YOUR GOAL: All of the lines below are to be transcribed faithfully, with pictures excluded from the copy.
─── INFORMATION SHOWN
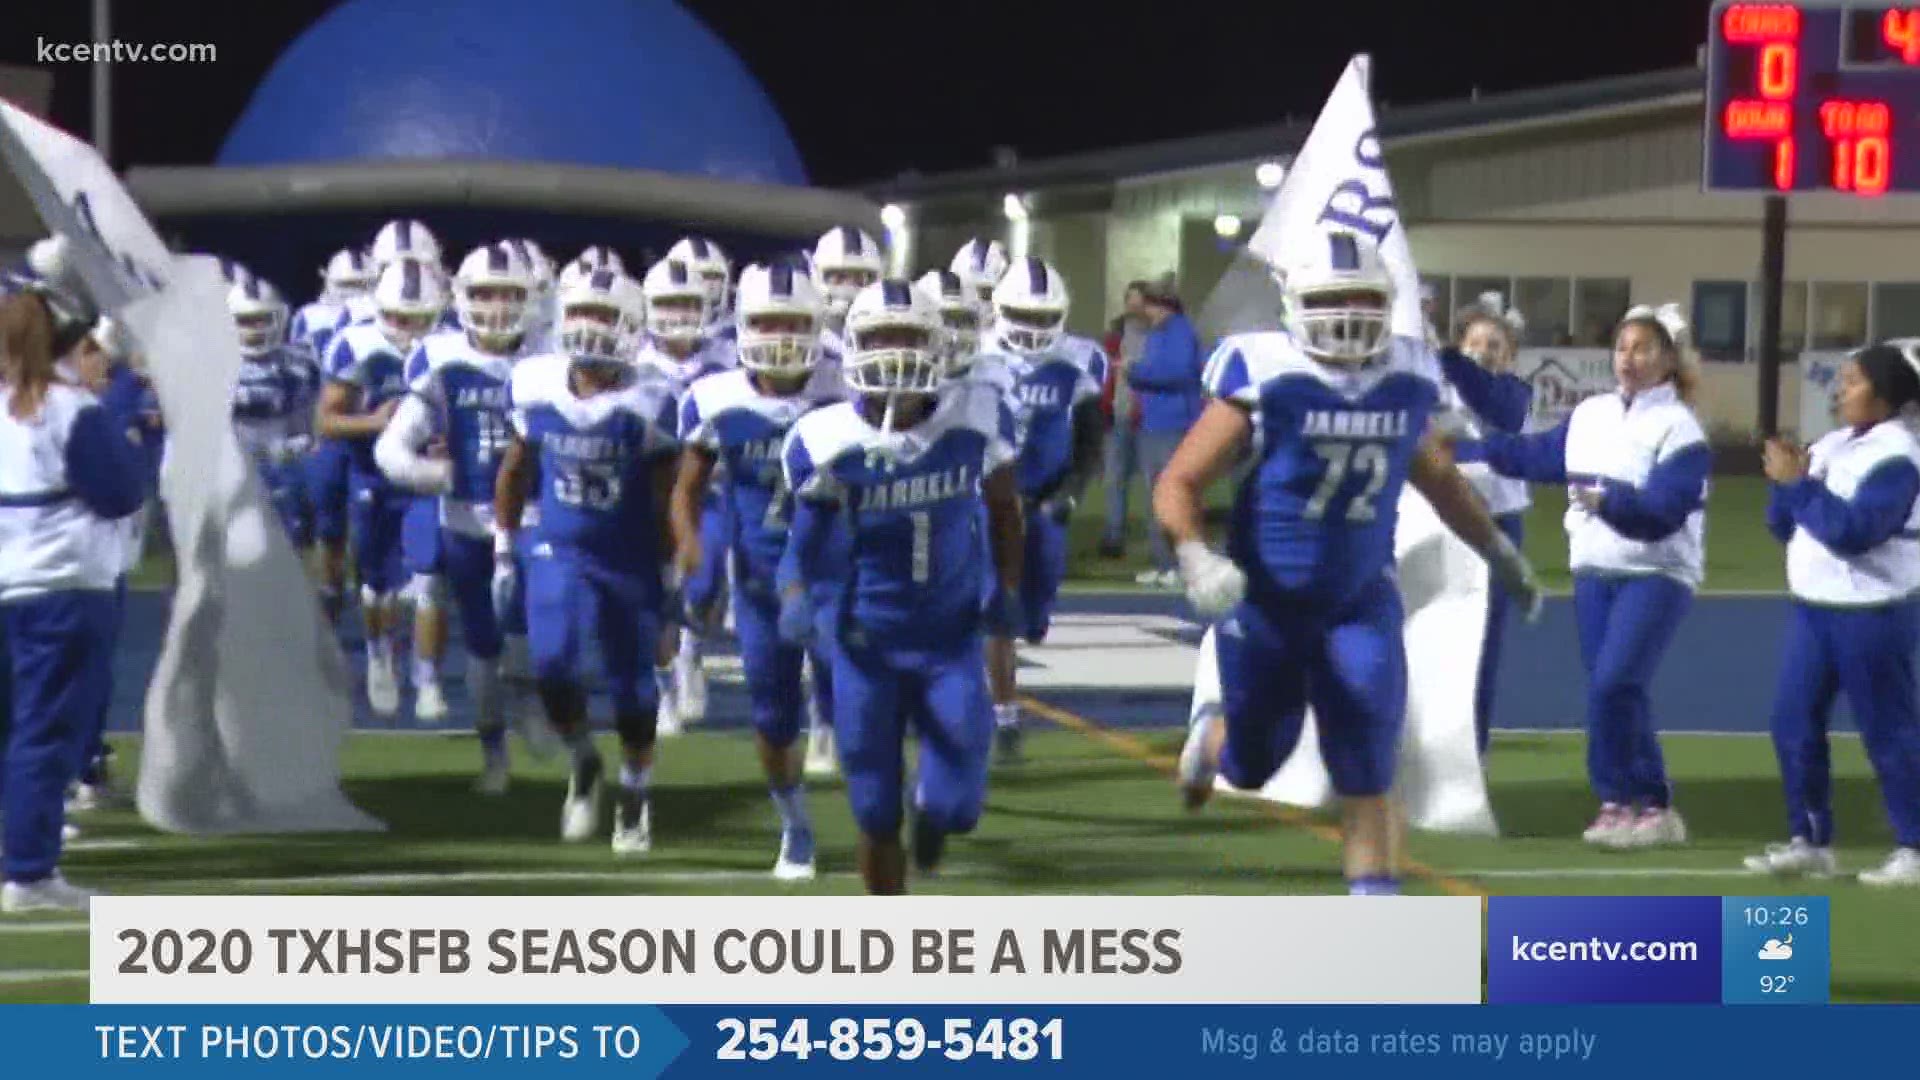 With so many moving parts statewide, one Texas High School Football analyst described the approaching 2020 season as "a mess."
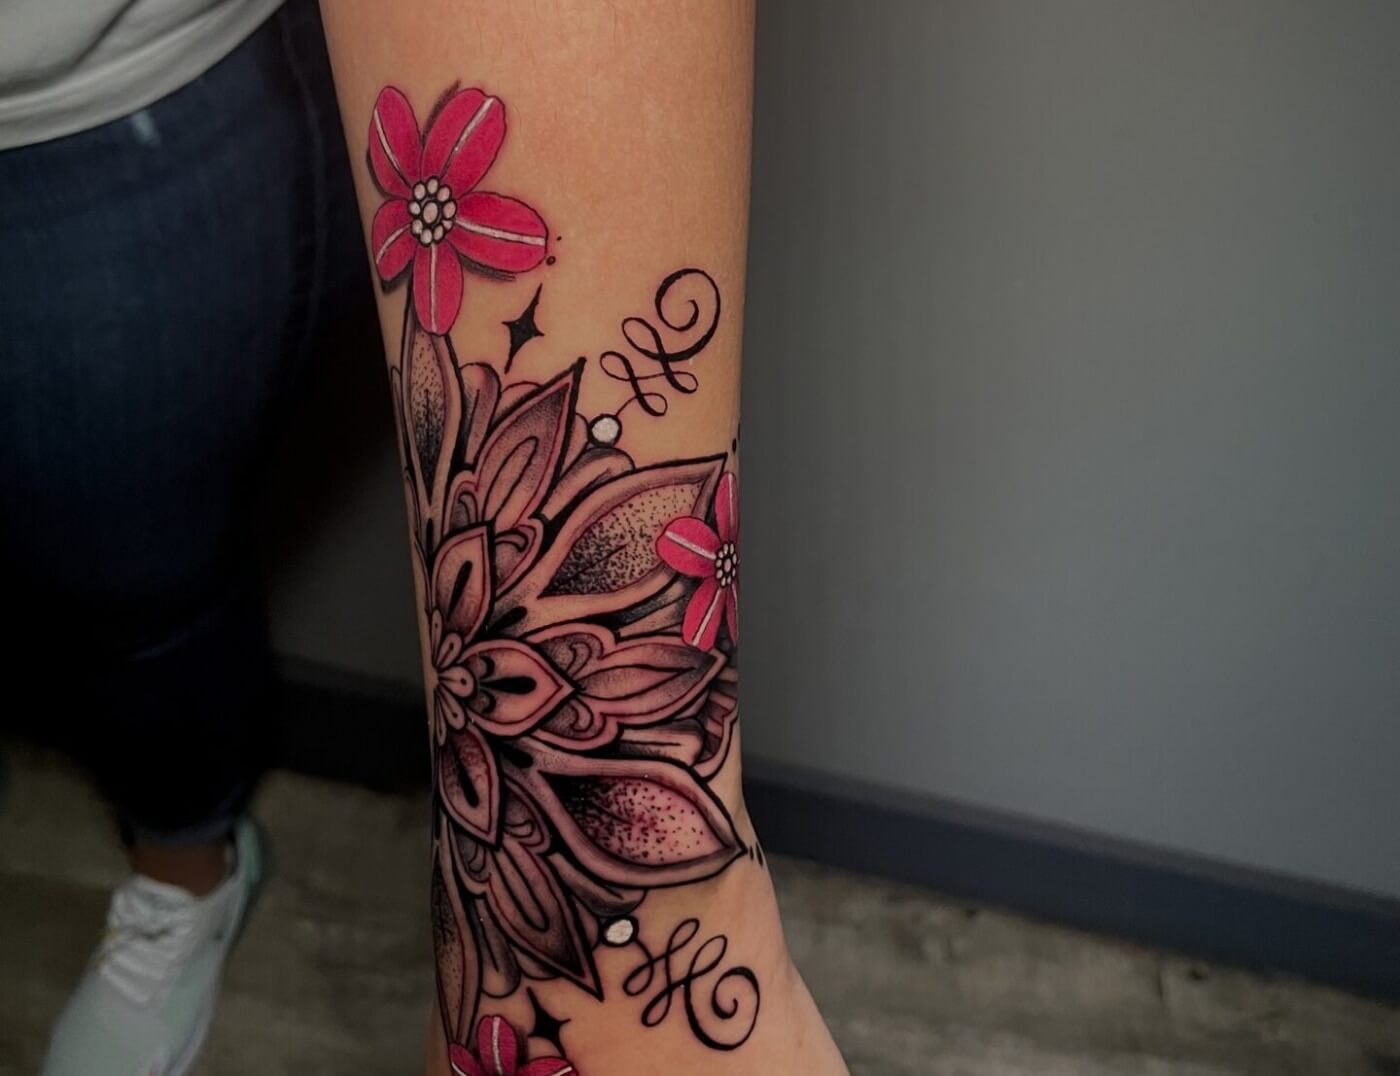 Flower mandala tattoo by Lyric The Artist at Iron Palm Tattoos & Body Piercing in downtown Atlanta, GA. We're open late night til 2AM most nights. Call 404-973-7828 or stop by for a free consultation.
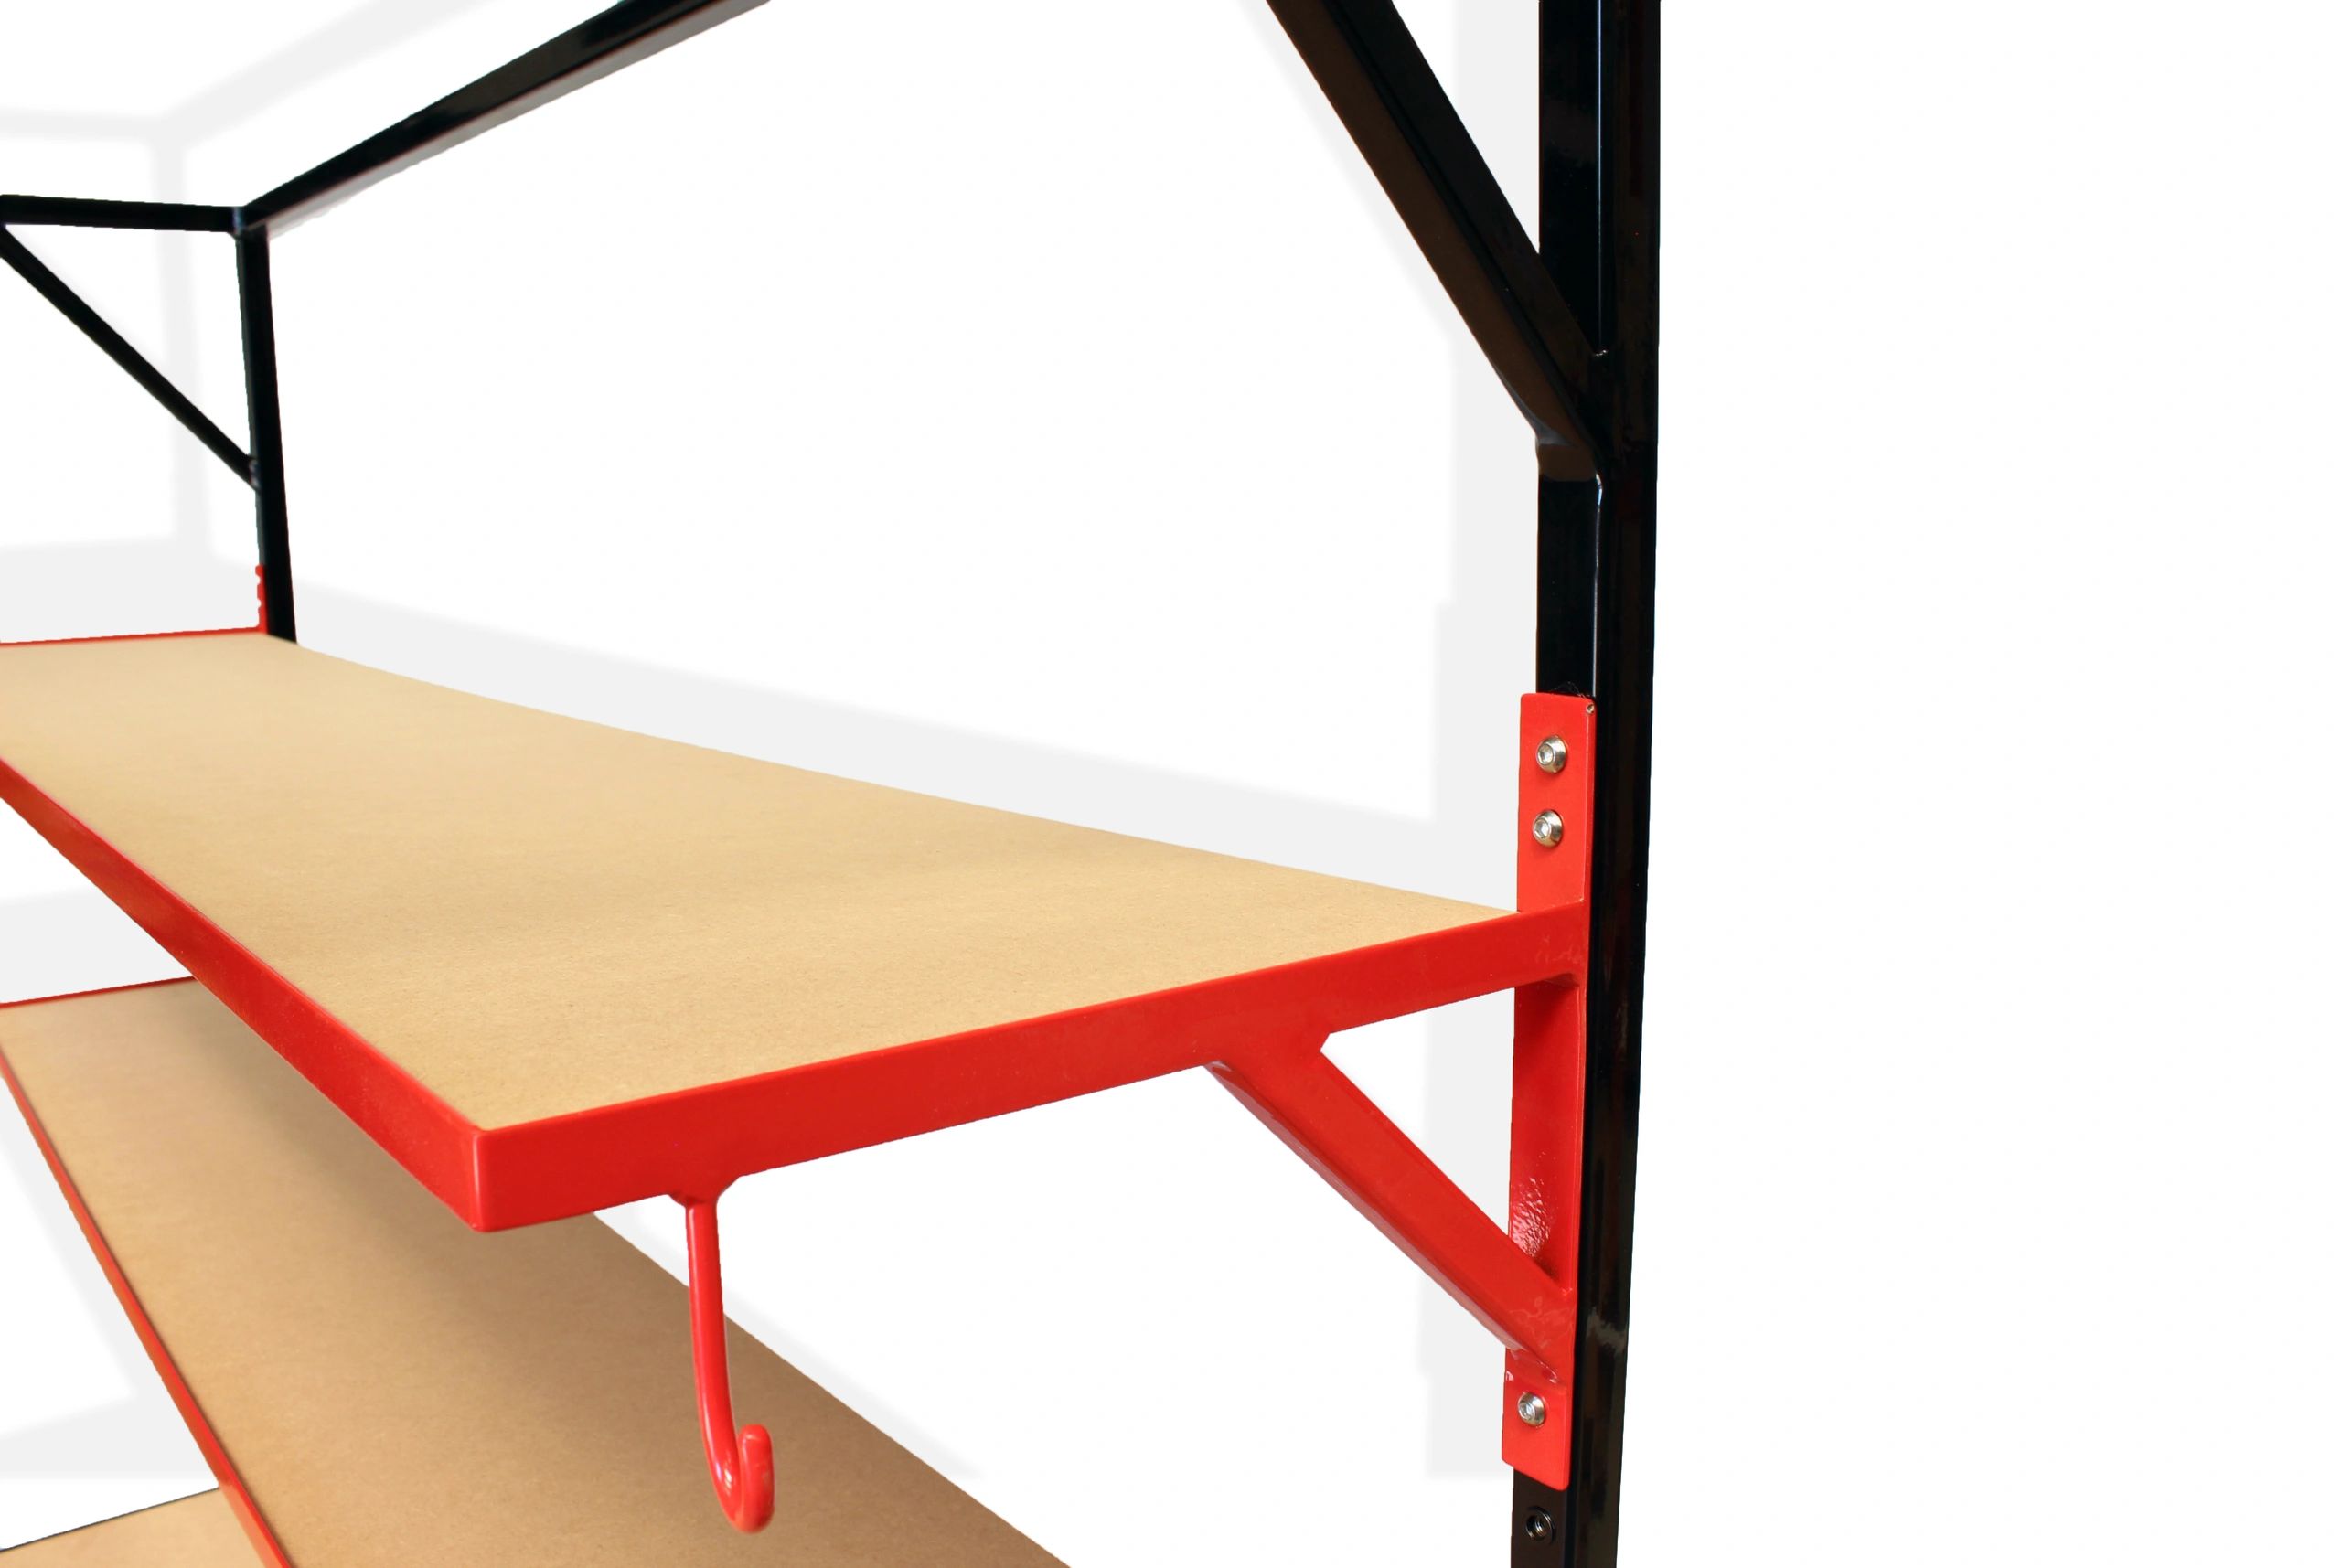 packing station, adjustable shelves, customizable, workspace, packaging requirements.
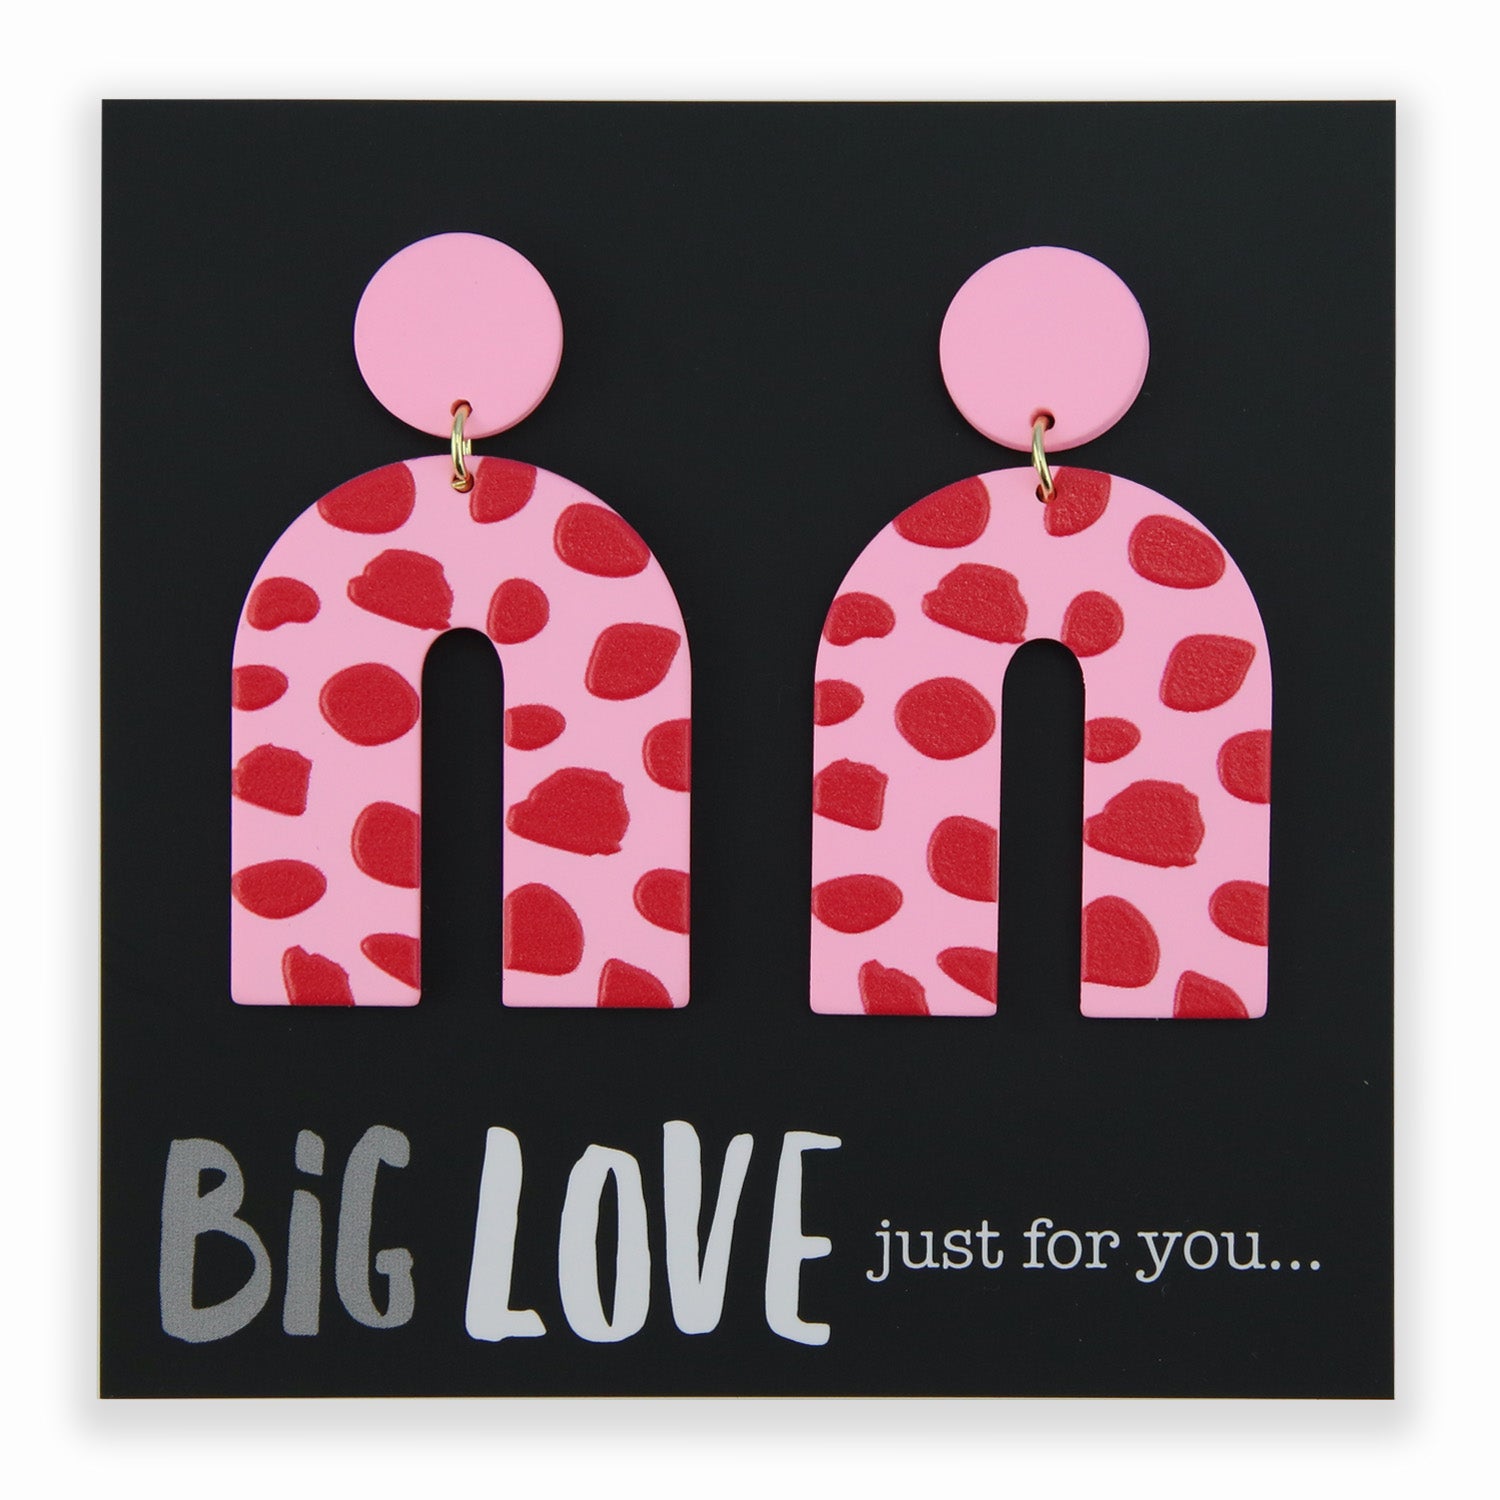 Acrylic Dangles - 'Big Love Just For You' - Sicily (11862)
──────
RESULT FOR THIS EXERCISE:
 With so many moving parts statewide, one Texas High School Football analyst described the approaching 2020 season as "a mess."
 Flower mandala tattoo by Lyric The Artist at Iron Palm Tattoos & Body Piercing in downtown Atlanta, GA. We're open late night til 2AM most nights. Call 404-973-7828 or stop by for a free consultation.
 packing station, adjustable shelves, customizable, workspace, packaging requirements.
 Acrylic Dangles - 'Big Love Just For You' - Sicily (11862)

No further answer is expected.